MARINO MARINI (1901-1980)
Marino Marini was an Italian Expressionist sculptor, painter and graphic artist. He was instrumental in the revival of the art of portrait sculpture in Italy during the first half of the 20th century and particularly famous for his series of stylized equestrian statues that feature a man on a horse with arms outstretched.
Marini studied painting and sculpture at the Academy of Fine Arts in Florence and although he never abandoned painting, he devoted himself primarily to sculpture from about 1922. He consistently refined two major images, the female nude and the horse and rider. His sensitivity to form and surface owes much to the influence of Etruscan and Roman art, while the inner tension of his work reflects German Gothic sculpture. In 1946 the artist settled permanently in Milan and participated in Twentieth Century Italian Art at the Museum of Modern Art in New York in 1944 and exhibiting at Buchholz Gallery in New York in 1950. In 1951 a Marini exhibition traveled from the Kestner-Gesellschaft Hannover to the Kunstverein in Hamburg and the Haus der Kunst of Munich. He was awarded the Grand Prize for Sculpture at the Venice Biennale in 1952 and the Feltrinelli Prize at the Accademia dei Lincei in Rome in 1954. One of his monumental sculptures was installed in the Hague in 1959.

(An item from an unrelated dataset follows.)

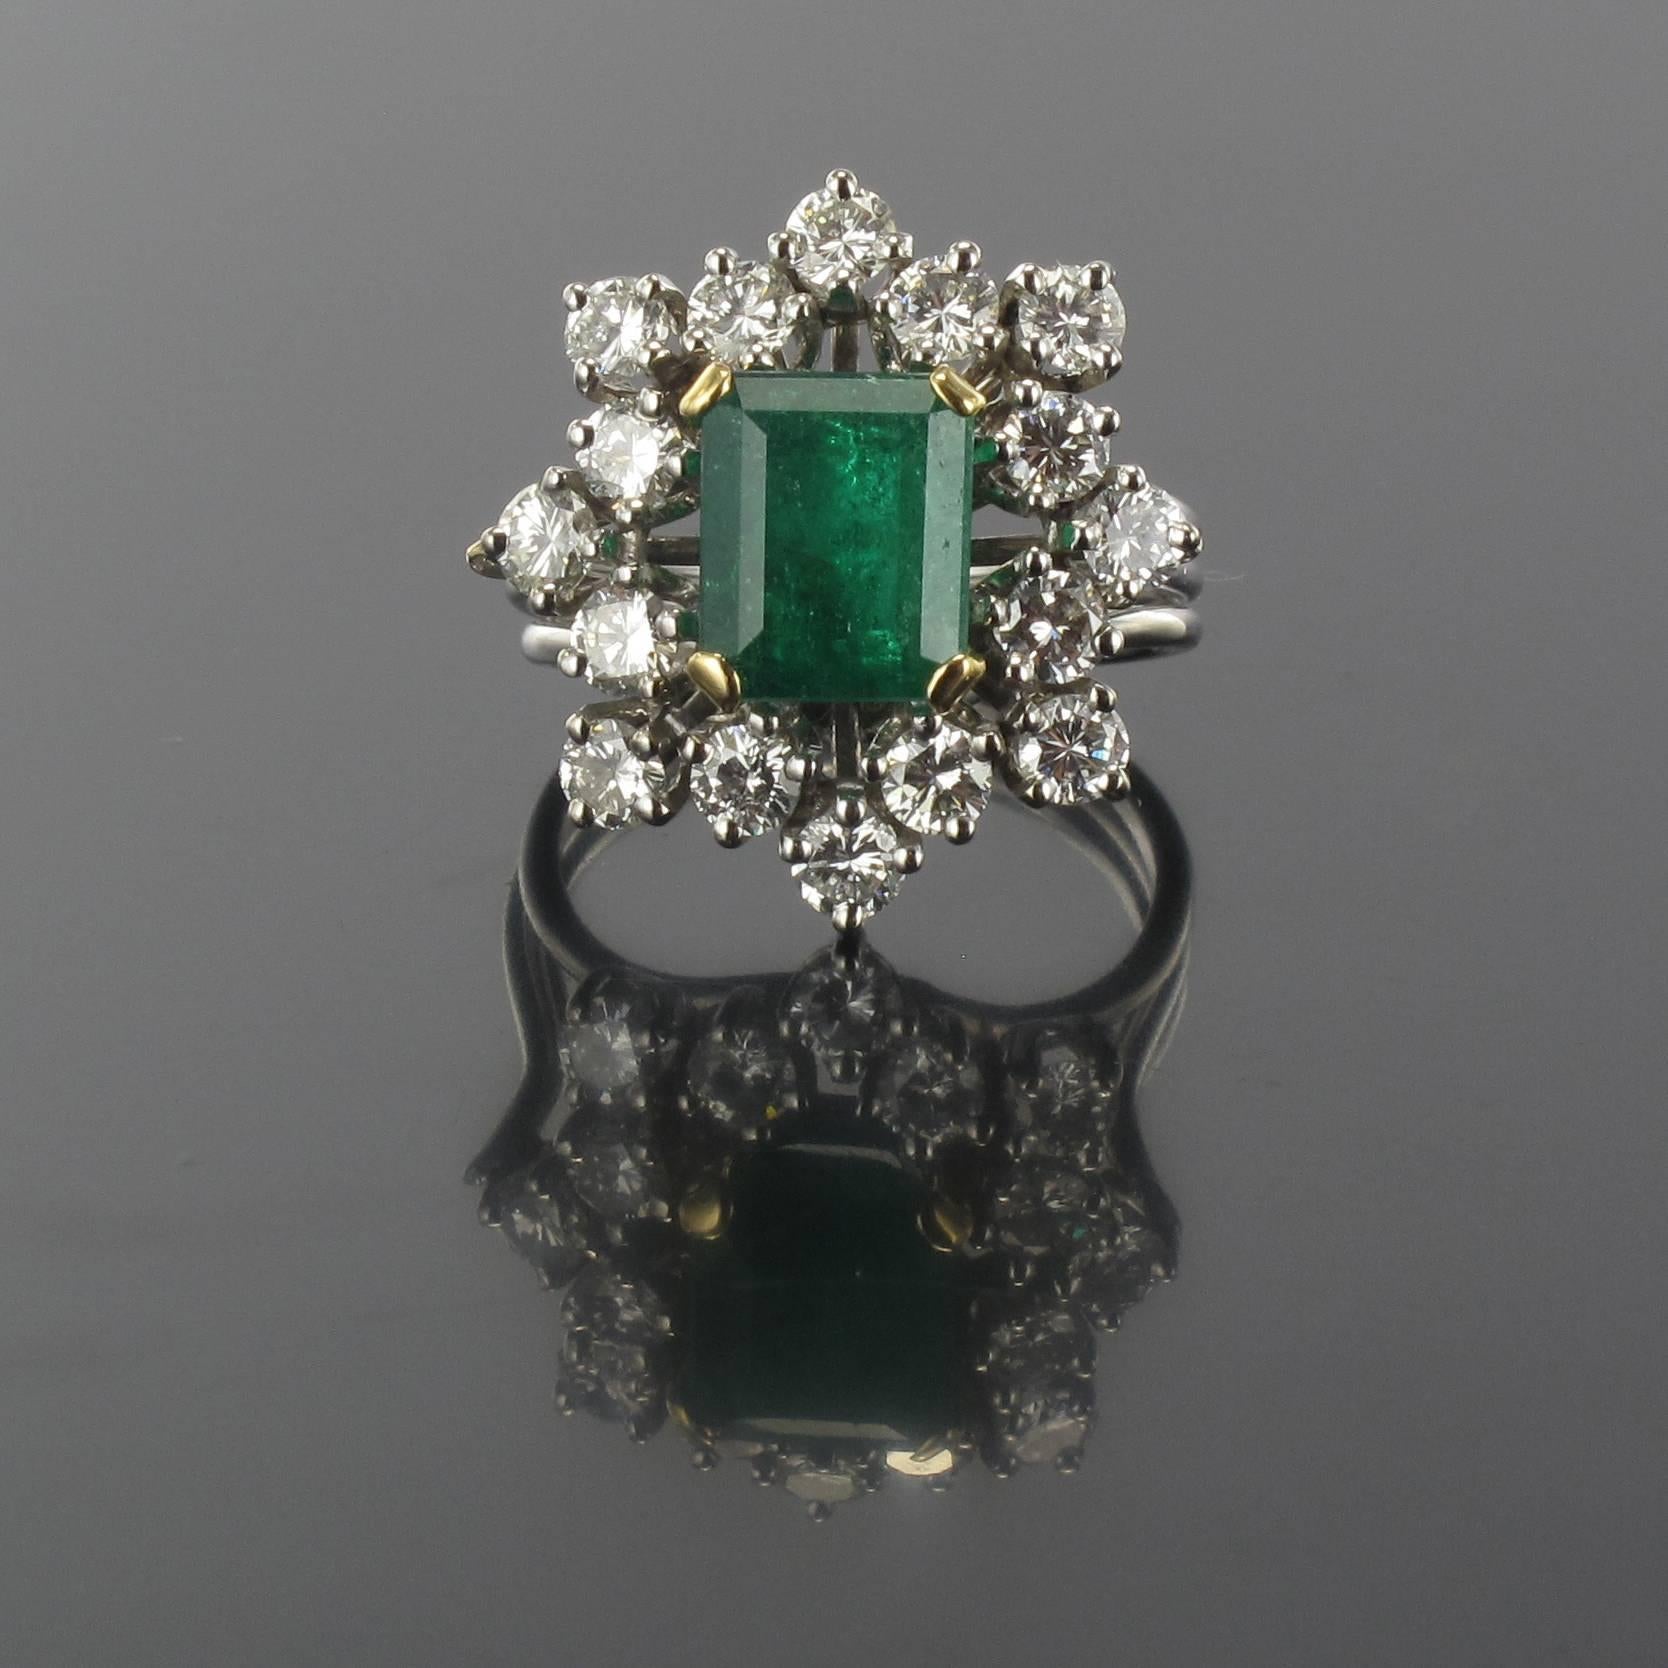 Ring in 18 carat white gold, eagle head hallmark. 

This impressive ring is claw set in yellow gold with an emerald cut emerald surrounded with 16 claw set brilliant cut round diamonds. The ring band is composed of three white gold strands that

Retrospectives of Marini's work took place at the Kunsthaus Zu¨rich in 1962 and at the Palazzo Venezia in Rome in 1966. His paintings were exhibited for the first time at Toninelli Arte Moderna in Milan in 1963-64. In 1973 a permanent installation of his work opened at the Galleria d'Arte Moderna in Milan, and in 1978 a Marini show was presented at the National Museum of Modern Art in Tokyo. There is a museum dedicated to his work in Florence; his work may also be found in museums in Italy and around the world, such as the Civica Galleria d'Arte Moderna in Milan and the Hirshhorn Museum and Sculpture Garden in Washington, D.C. Marini’s work is authenticated
by the experts at the Marino Marini Foundation in Pistoia, Italy.